The VM our runtime runs on has absolutely NOTHING to do with it. It is a low level detail that is completly opaque to off chain code.

I think Josep’s sentence about the “two unappealing options” wasn’t a wish-list of both things; he meant that each option, on its own, is unattractive:

  1. Expose only a tiny, minimal interface: Great for safety, but not so great for builders. If the precompile shows very little, contracts still need kludgy off-chain workarounds or multi-tx flows—exactly the UX pain he was highlighting.
  2. Expose richer functionality via precompiles: Great for short-term Solidity onboarding, dangerous for Polkadot’s long-term evolution.

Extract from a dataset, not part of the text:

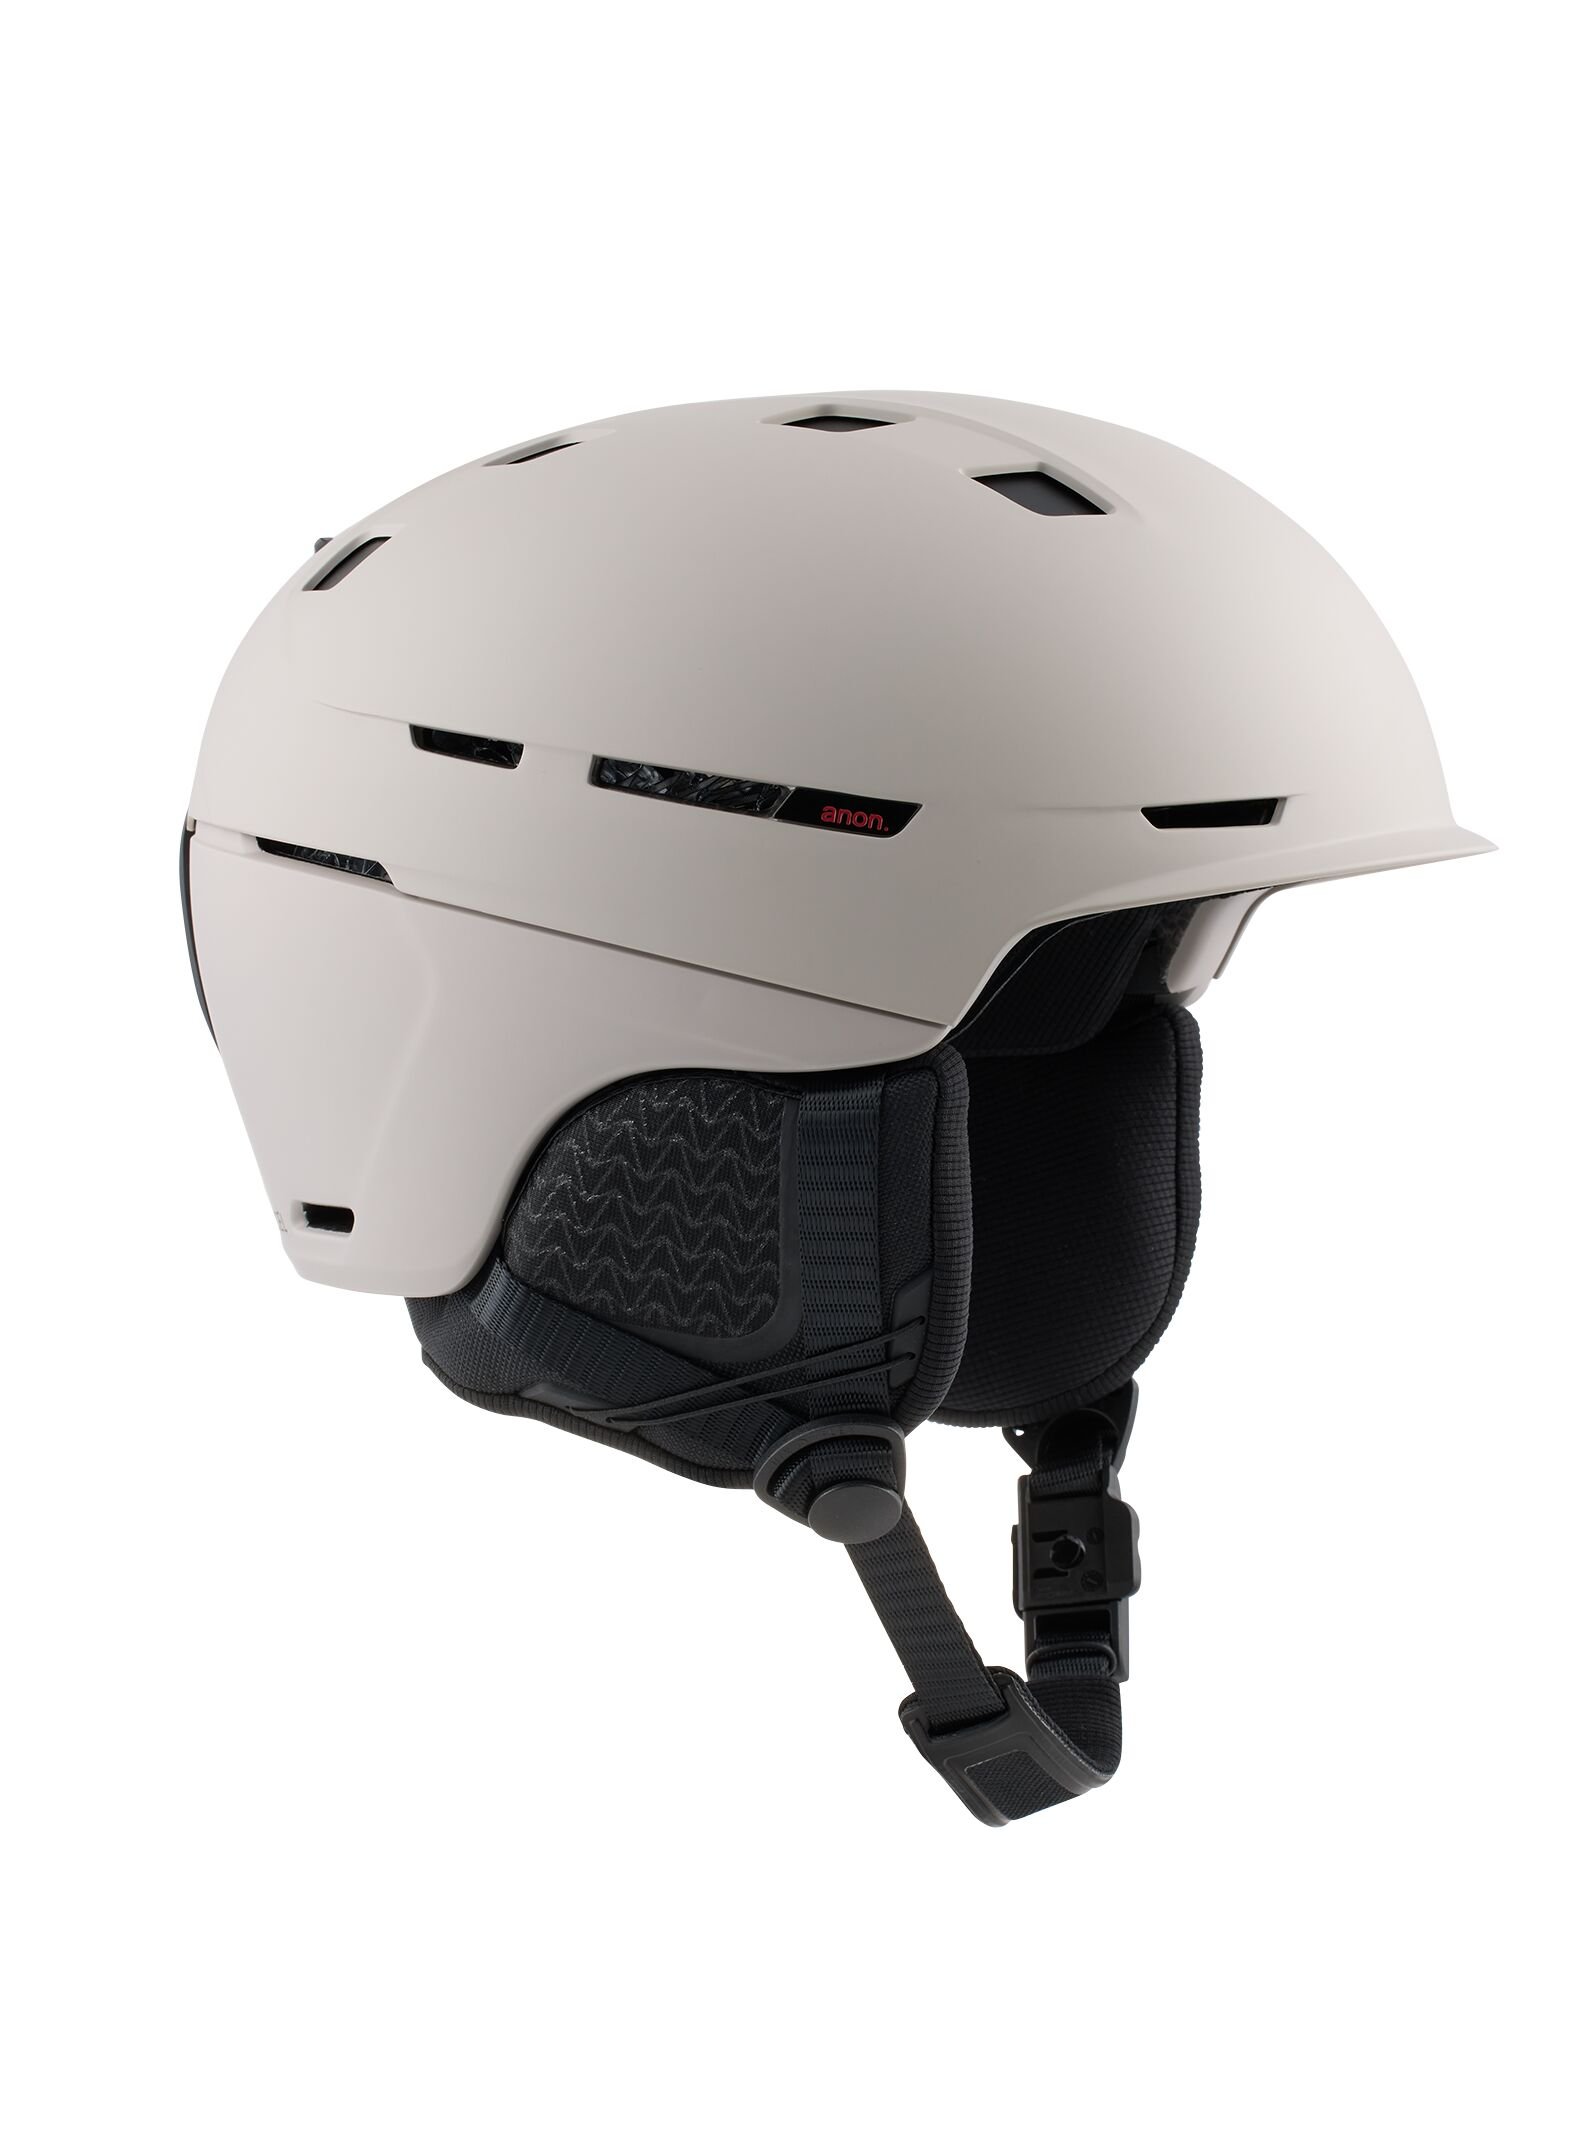 helmet Image

Because precompile ABIs must stay frozen, every future runtime breakthrough would have to preserve yesterday’s interface—or fragment state across new addresses. Cyrill summed this up well in his post (“we do not break contract-space”).

Polkadot’s edge has always been its freedom to evolve rapidly at the protocol layer; locking system pallets behind immutable ABIs risks dulling that edge.


The problem

To me, the technical debate points to a deeper problem: communication

  • A while back the community agreed on the Plaza strategy— Polkadot pallets + EVM hub. Back then nobody could map every downstream consequence.
  • Inside Parity they most probably have been wrestling with real-world constraints, trade-offs, and deadlines. From the outside, most of us only glimpse the finished decision: “Polkadot Hub will launch with NFTs, tokens, XCM and governance precompiles.”
  • By the time external teams understand the fallout—UX trade-offs, ABI lock-in, economic impacts—those decisions already feel baked.

In short: the rest of the ecosystem can’t help course-correct if we don’t see the course map until the ship has sailed.


A way forward

Polkadot is a decentralised network of teams—from one-person dev shops to VC-backed companies—who all care deeply about its success. If we treat Hub design as an open RFC process instead of an internal deliverable, we can:

  • Crowd-source edge-case feedback before ABIs freeze.
  • Share the rationale behind tough calls (security, resourcing, timelines).
  • Align the Hub’s feature set with real DApp builders’ needs, not just our guesses.

Polkadot Hub can be a huge win—if we keep the conversation two-way. Together we should hammer out which precompiles truly belong in Hub v1, which can stay experimental (lets use Paseo and Kusama!!!), and how we’ll revisit the set without kneecapping innovation down the road.